◆ **Directions for this task**
When you reach the line below that has "commercial artificial hedges.", start returning lines exactly, and stop after the line that has "SOLMORE Panda Luz"; skip the pictures.

------ Data extract

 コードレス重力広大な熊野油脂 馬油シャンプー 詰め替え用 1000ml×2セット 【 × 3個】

------------
------ Data extract

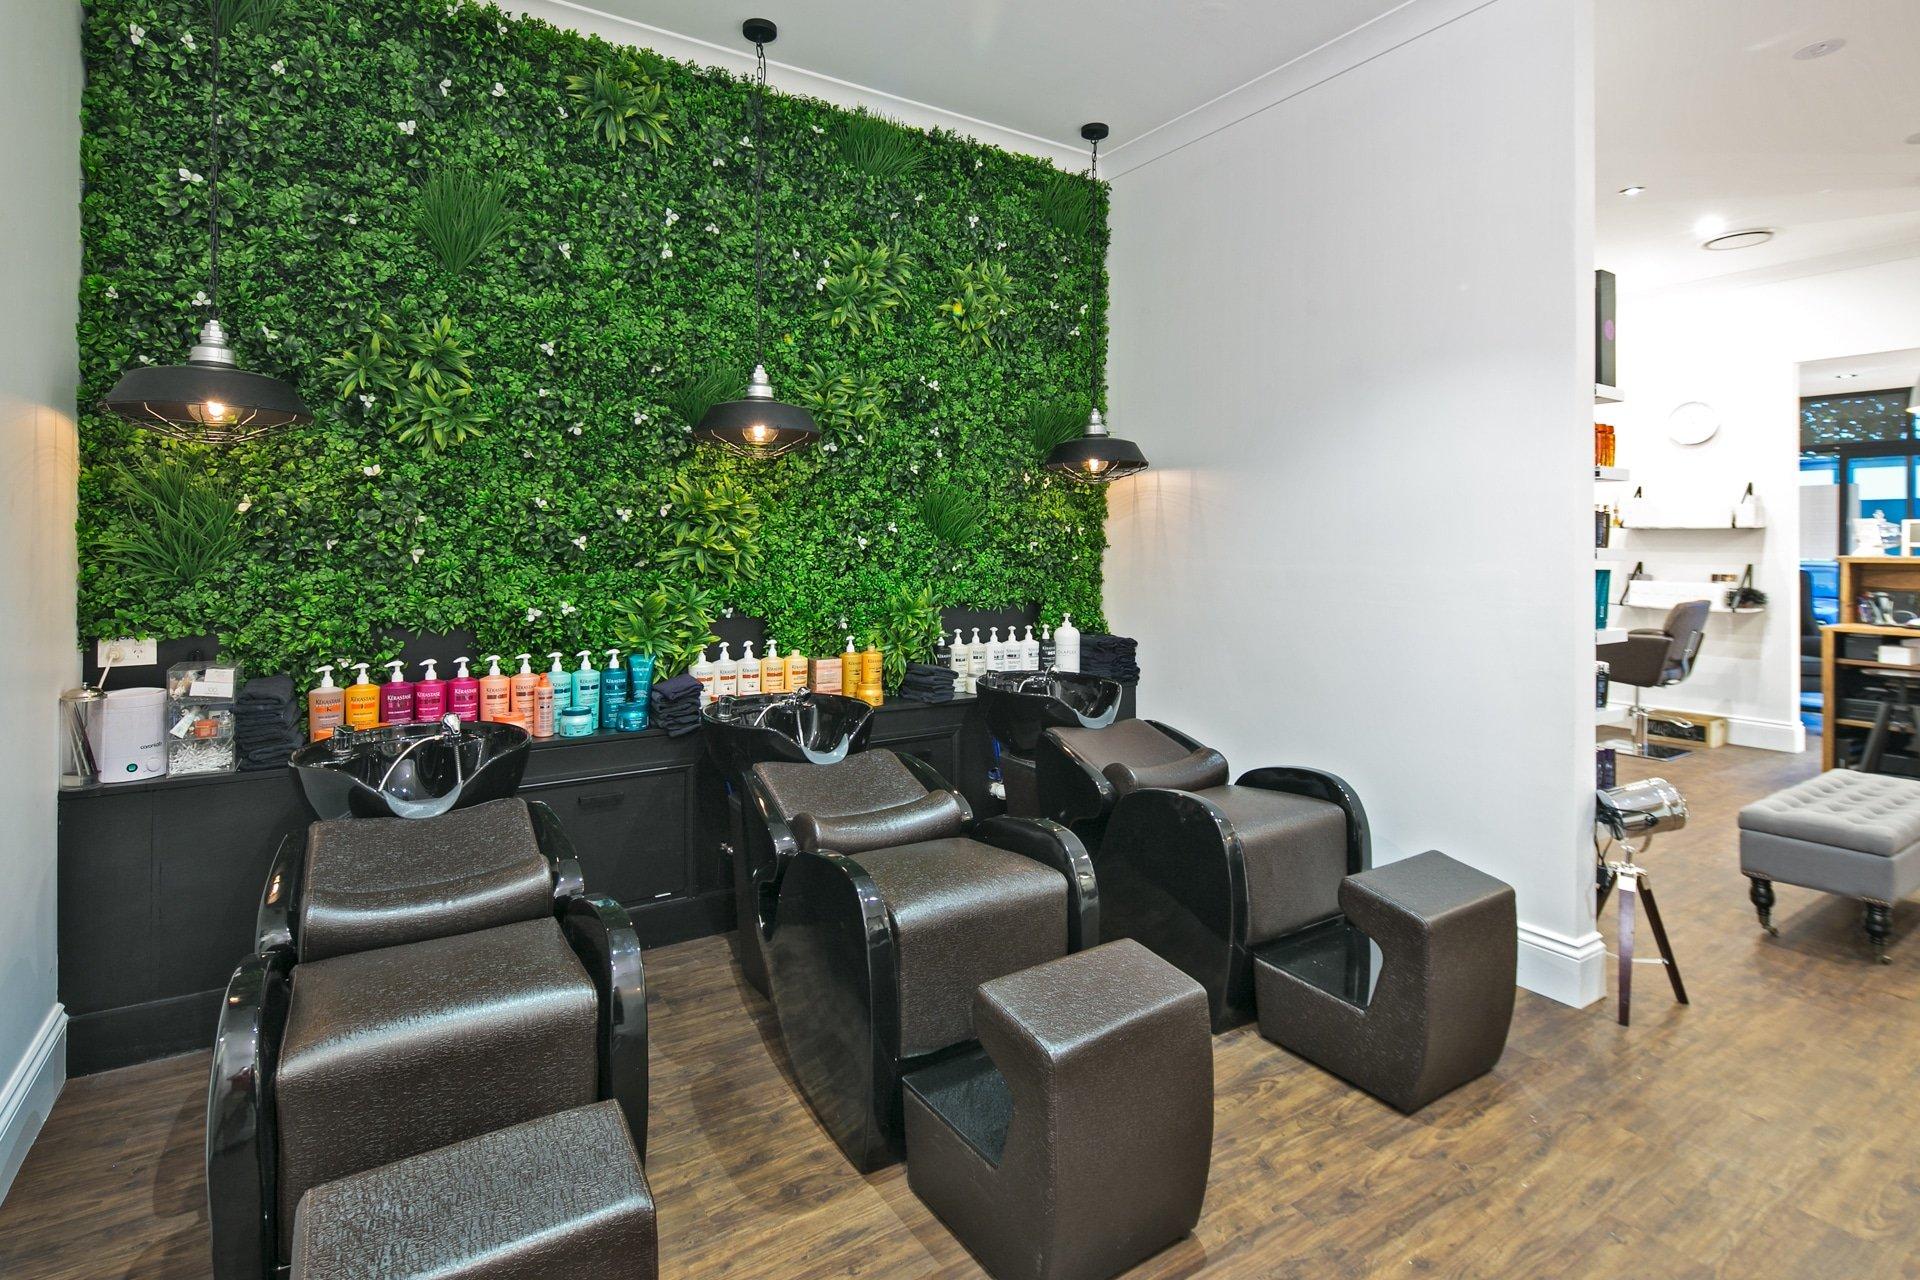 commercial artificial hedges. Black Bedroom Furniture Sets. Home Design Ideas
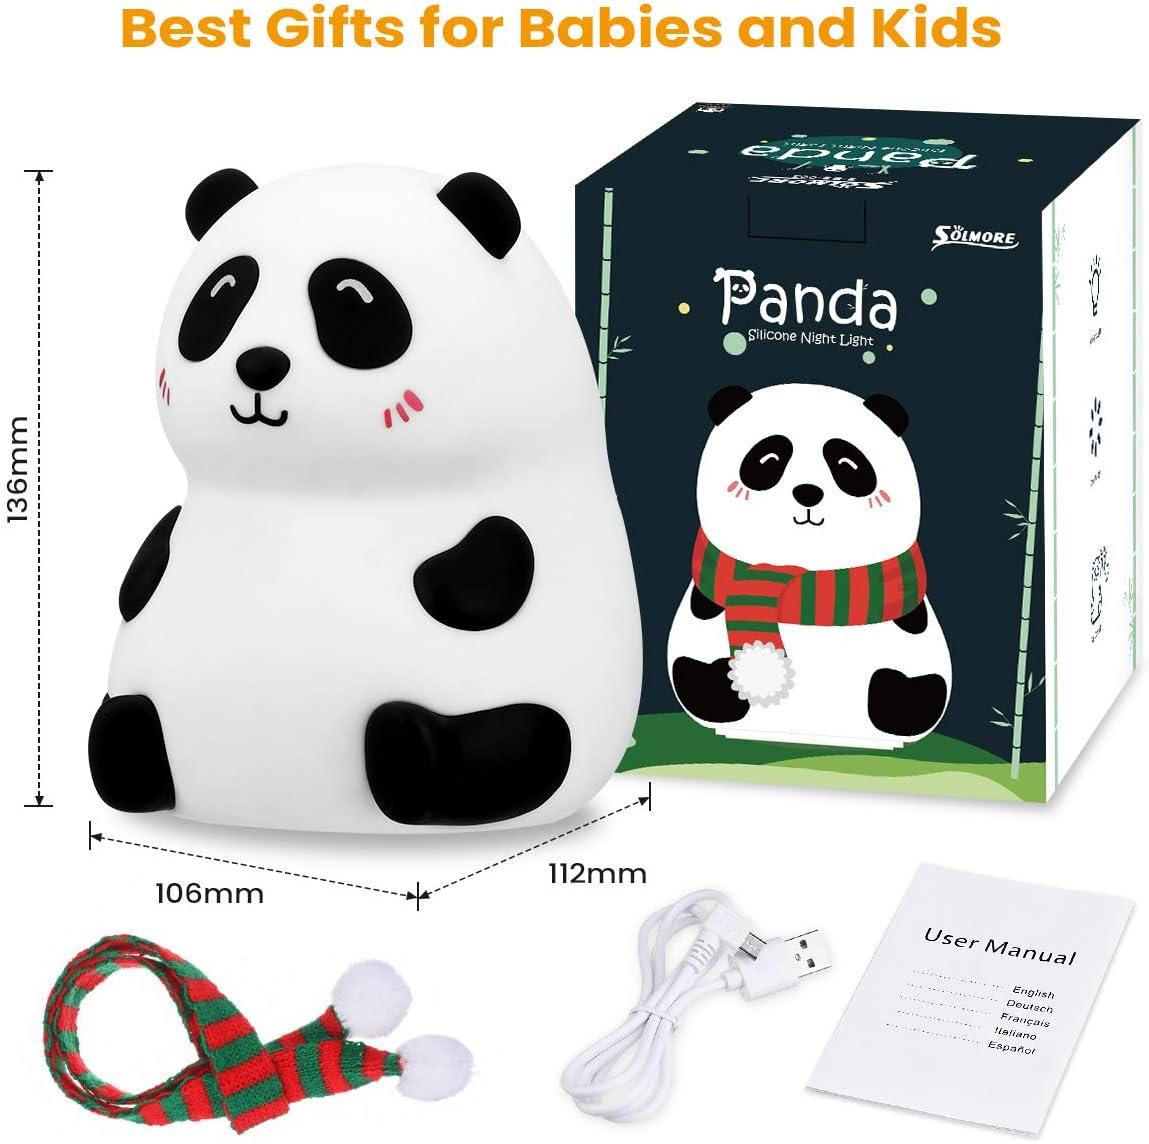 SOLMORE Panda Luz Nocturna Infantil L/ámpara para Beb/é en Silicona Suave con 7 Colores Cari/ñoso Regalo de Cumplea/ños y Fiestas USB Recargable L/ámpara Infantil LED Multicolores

------------
------ Data extract

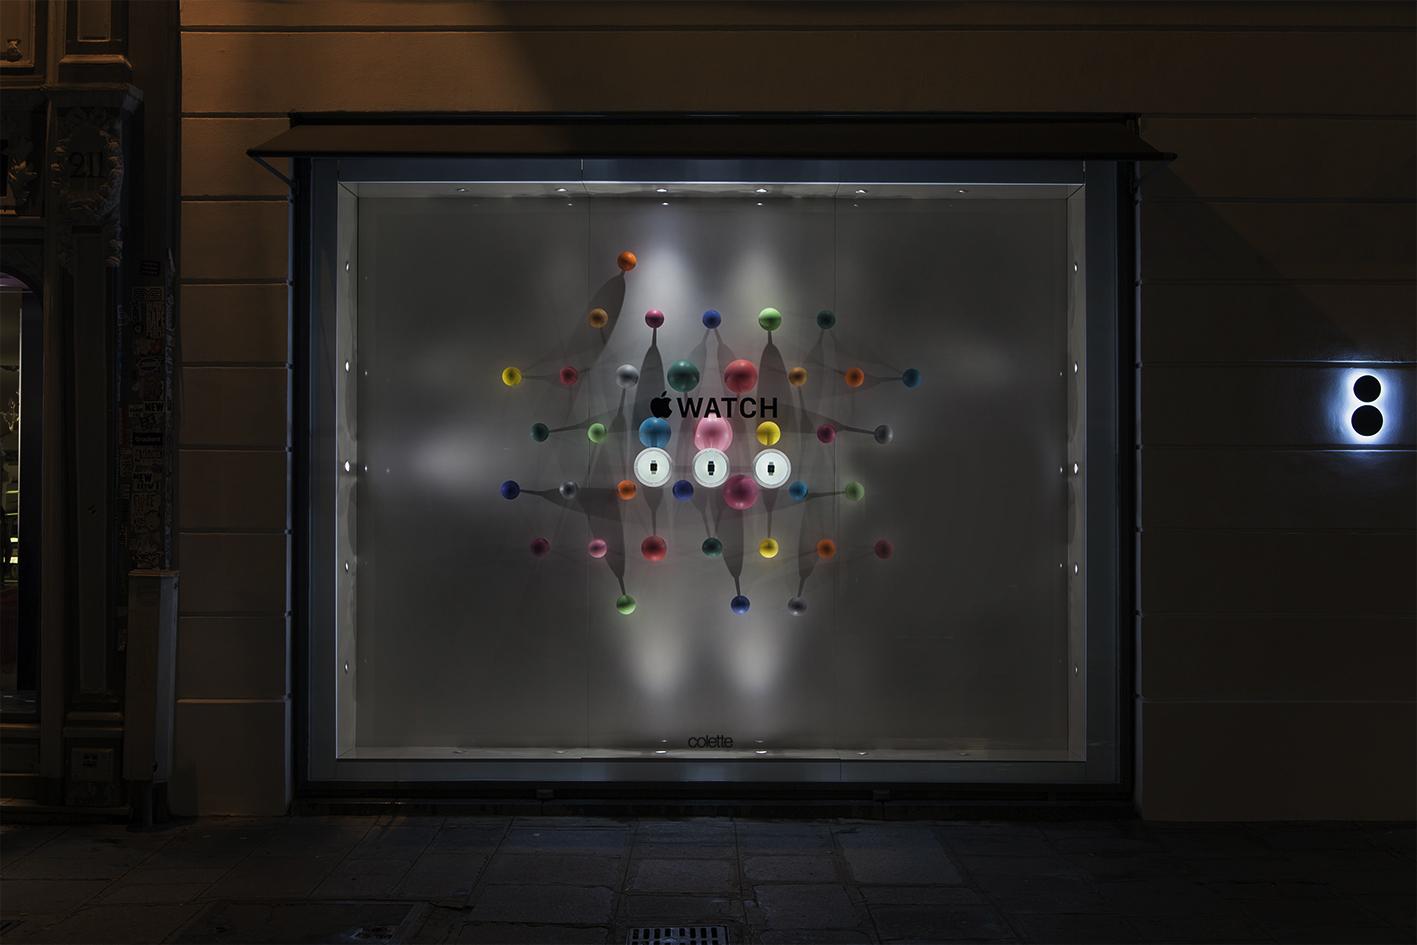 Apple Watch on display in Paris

------------

◆ **Response**
 commercial artificial hedges. Black Bedroom Furniture Sets. Home Design Ideas
 SOLMORE Panda Luz Nocturna Infantil L/ámpara para Beb/é en Silicona Suave con 7 Colores Cari/ñoso Regalo de Cumplea/ños y Fiestas USB Recargable L/ámpara Infantil LED Multicolores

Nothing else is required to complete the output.